Diner Culture, Food & Mood, Ghost Guns

N.J. is called the diner capital of the world but are these beloved institutions under threat? And, how the food we eat affects our mood.

Listen 46:27
The Trolley Car Diner was a mainstay in Mt. Airy. (Kimberly Paynter/WHYY)

The Trolley Car Diner was a mainstay in Mt. Airy. (Kimberly Paynter/WHYY)

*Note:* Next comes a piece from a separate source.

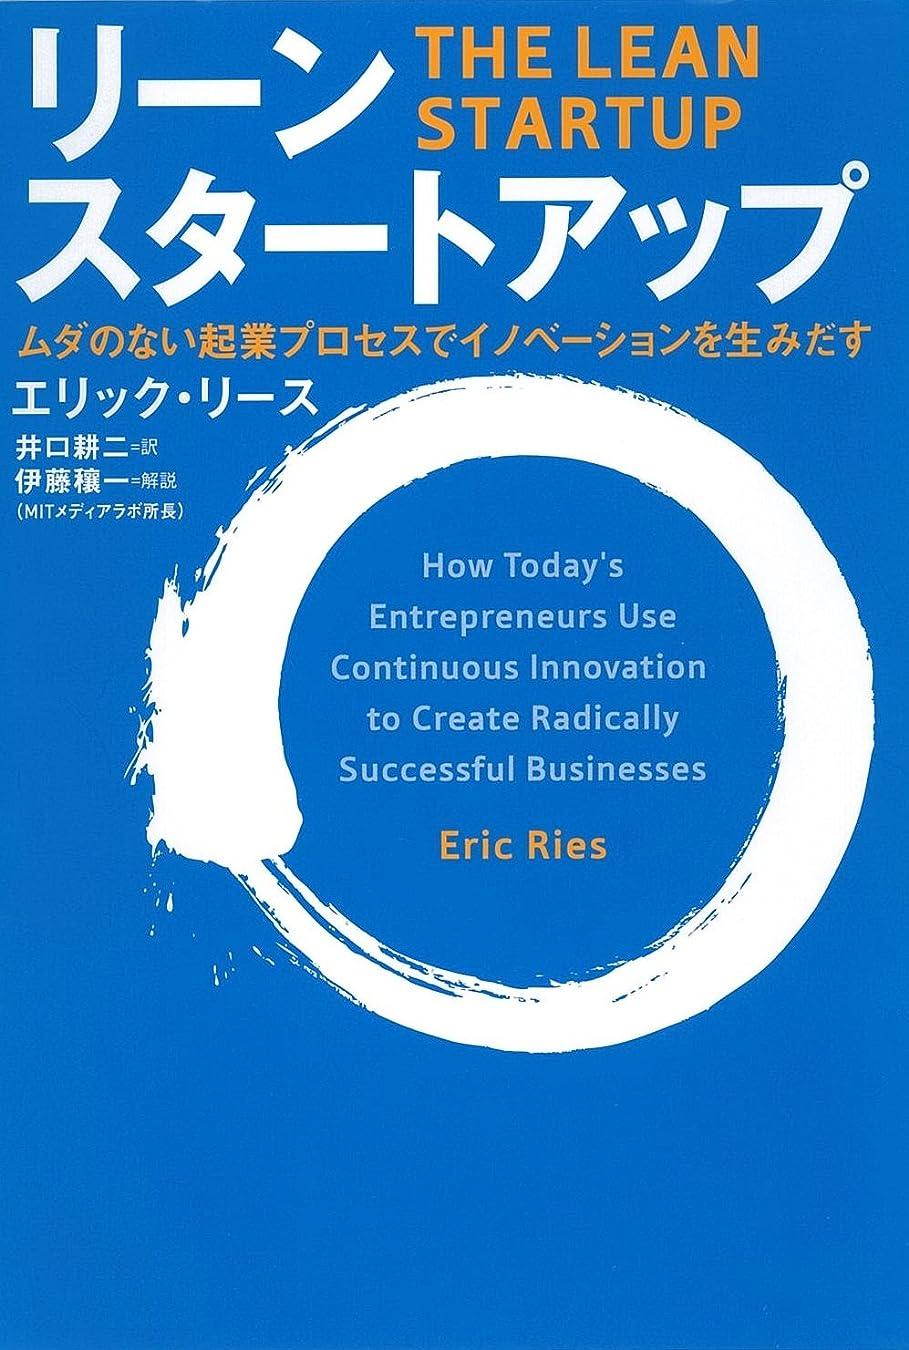 以降まだ北米リーン?スタートアップ ムダのない起業プロセスでイノベーションを生みだす

New Jersey is often billed as the diner capital of the world — there are some 525 scattered across the state. And diner culture is engrained in the Garden State — delicious, affordable food — including breakfast all day and night — served up in instantly recognizable establishments. But some favorite diners have closed in recent years, replaced by cannabis stores and fast food restaurants.  Are diners under threat or is the business simply changing?  New Jersey diner historian and author Michael Gabriele joins us to talk about the culture, history and future of diners.

And, food isn’t just fuel. Mary Beth Albright, author of Eat and Flourish, explains the food-mood connection and how what we eat influences our emotional wellbeing.

First, Representative Morgan Cephas, tells us about two bills she has introduced in the House to crack down on ghost guns, the firearms sold in parts and shipped anywhere to be assembled at home.